In a Rails app you don't run either binary — the engine auto-boots the swarm and reads WURK_COUNT itself; set the env var on the worker role.

Size your database pool for the per-process thread count, then check the total. Each process needs pool >= concurrency in database.yml:

# config/database.yml
production:
  pool: <%= ENV.fetch("RAILS_MAX_THREADS", 5).to_i %>   # per-process; must cover concurrency

Then verify the whole box fits: WURK_COUNT × pool ≤ your DB's spare connections. On the 16-core default that's 16 × 5 = 80 connections from one host — size max_connections (or PgBouncer) accordingly, or cap WURK_COUNT.

Rule of thumb: start with WURK_COUNT = cores you want to dedicate to jobs and concurrency = 5 for IO-bound work. Raise concurrency for IO-heavy jobs (HTTP, Redis, slow SQL); raise WURK_COUNT for CPU-heavy jobs. Always re-check the DB-pool and memory math after either change.

3. Running a worker process

Dedicated worker: `wurk` vs `wurkswarm`

The gem ships two standalone runners (and an alias) — there is no sidekiq binary, so update any bundle exec sidekiq invocation, Procfile line, and systemd/Capistrano unit:

Binary	What it does	Sidekiq equivalent
`bundle exec wurk`	One process, one thread pool	`sidekiq`
`bundle exec wurkswarm`	Forks `WURK_COUNT` worker children from one preloaded parent — fork-based real parallelism	`sidekiqswarm`

sidekiqswarm is shipped as an alias for wurkswarm, so an existing Enterprise invocation drops in unchanged. Use wurkswarm for a multi-process worker host (it's the only way to get fork-based parallelism without Rails); use wurk for a single-process worker. Both take the familiar flags (-c concurrency, -q queue, -r require, -t timeout, -e environment, -C config), read a YAML config with -C path, and auto-discover config/wurk.yml then config/sidekiq.yml (.erb supported). The YAML structure matches Sidekiq's sidekiq.yml.

bundle exec wurkswarm -C config/wurk.yml -e production   # forked swarm (real parallelism)
bundle exec wurk      -C config/wurk.yml -e production    # single process

Neither runner loads the Rails engine (the dashboard) — by design, so a worker host stays lean. They do fully boot your Rails app (-r/the environment) so your jobs and models are available.

✅ ActiveJob works standalone.
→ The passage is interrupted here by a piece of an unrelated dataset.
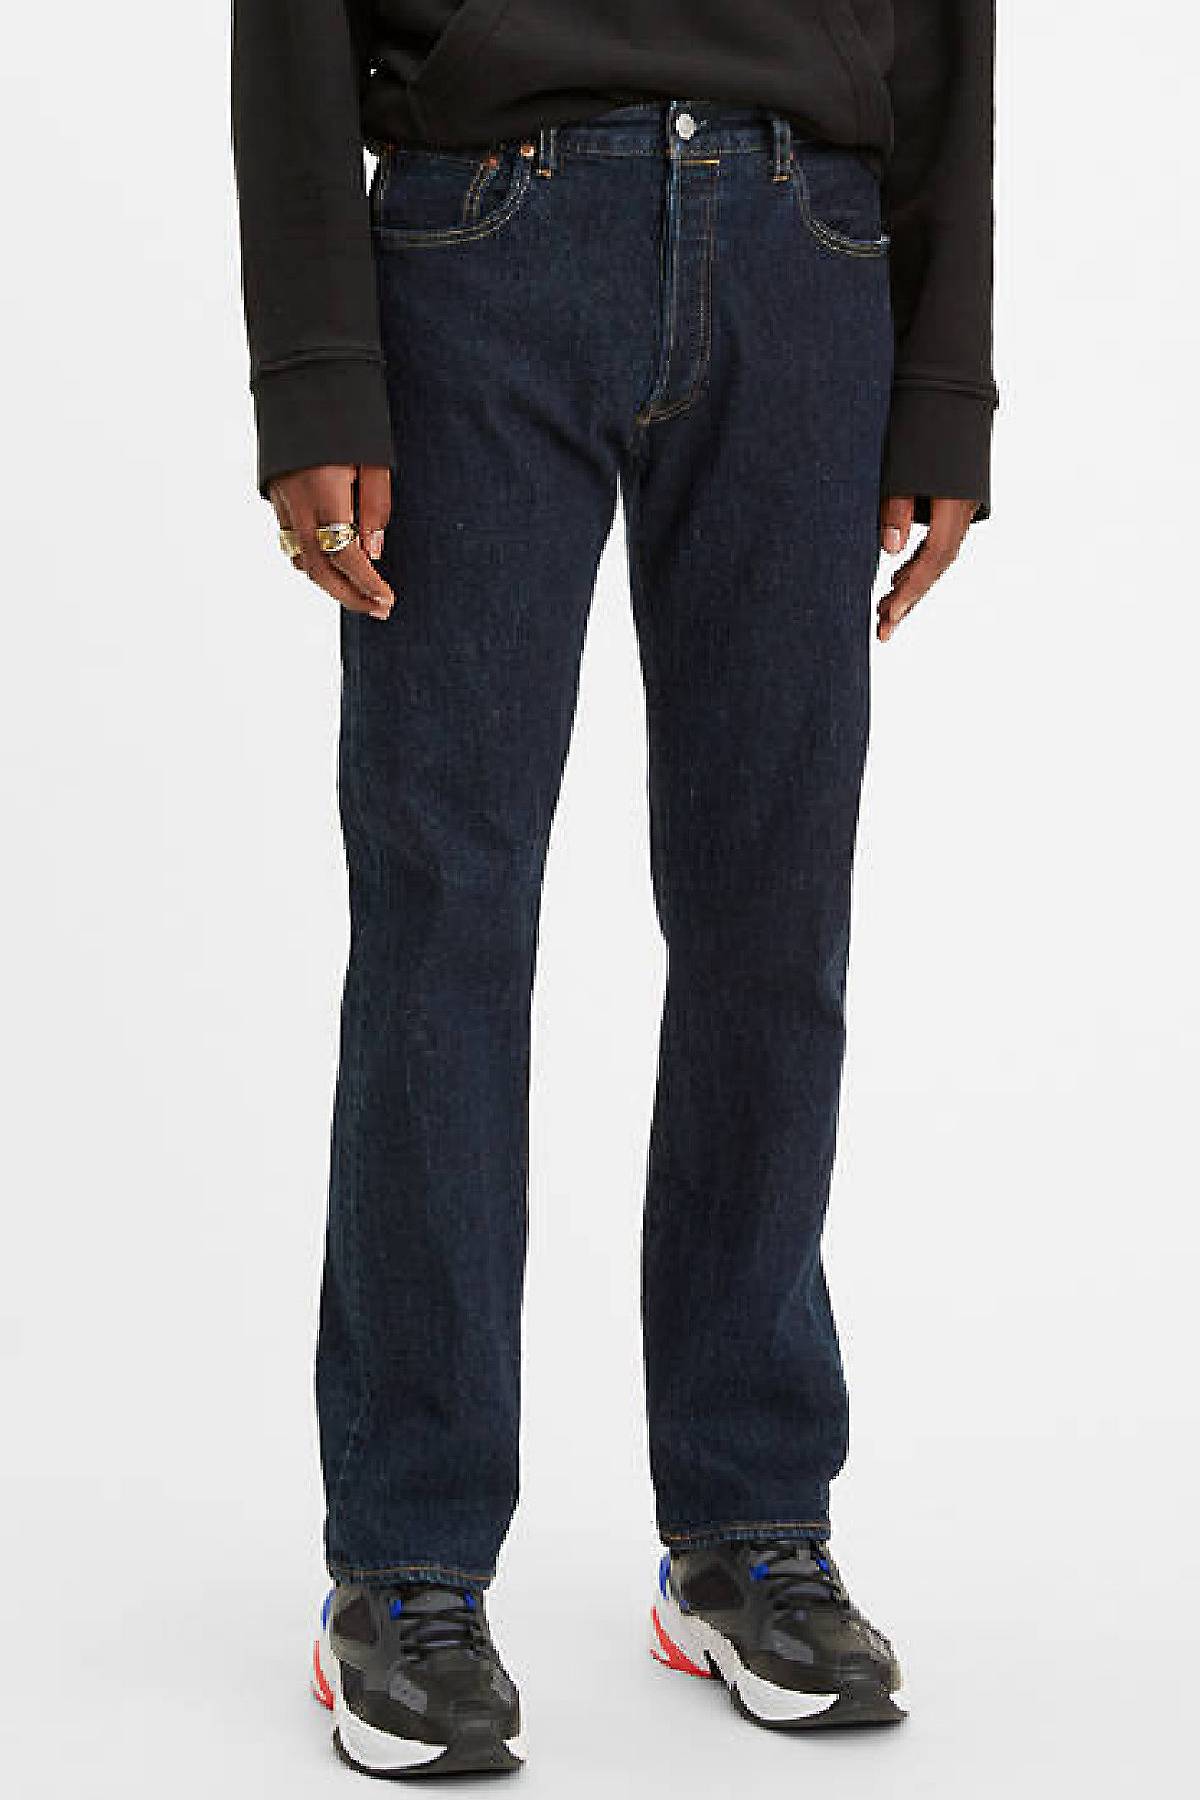 Model wearing 501® '93 Straight jeans

If your app uses config.active_job.queue_adapter = :wurk (or :sidekiq), the standalone CLI now defines the adapter before the Rails environment loads, so a dedicated worker process boots cleanly. (Earlier builds raised uninitialized constant WurkAdapter in standalone mode — fixed in #253.)

For an example systemd unit and the Capistrano / deploy signal dance (replacing capistrano-sidekiq), see docs/deployment.md. A Procfile worker line is simply:

worker: bundle exec wurkswarm -e production

Clustered Puma + the embedded swarm (important)

When you mount the engine, the railtie auto-starts an embedded swarm inside every non-console Rails process (unless WURK_DISABLED=1, Rails console, or the Rails test env). Under clustered Puma (workers > 0) that means every Puma worker forks its own Wurk swarm — N Puma workers × WURK_COUNT children = a lot of duplicate worker processes you didn't intend, all fetching the same queues.

The fix: run workers in a dedicated process and disable the embedded swarm on the web role.

# Web dyno / Puma role — serve HTTP only, no jobs:
WURK_DISABLED=1 bundle exec puma -C config/puma.rb

# Worker dyno / role — run the jobs (wurkswarm for multi-process parallelism):
bundle exec wurkswarm -e production

This mirrors the standard Sidekiq topology (Puma for web, a separate sidekiq process for jobs) — you just set WURK_DISABLED=1 on web so the engine mount keeps serving the dashboard without also forking workers. Leave the embedded swarm on only if you intentionally want web processes to also run jobs (single-dyno / hobby setups).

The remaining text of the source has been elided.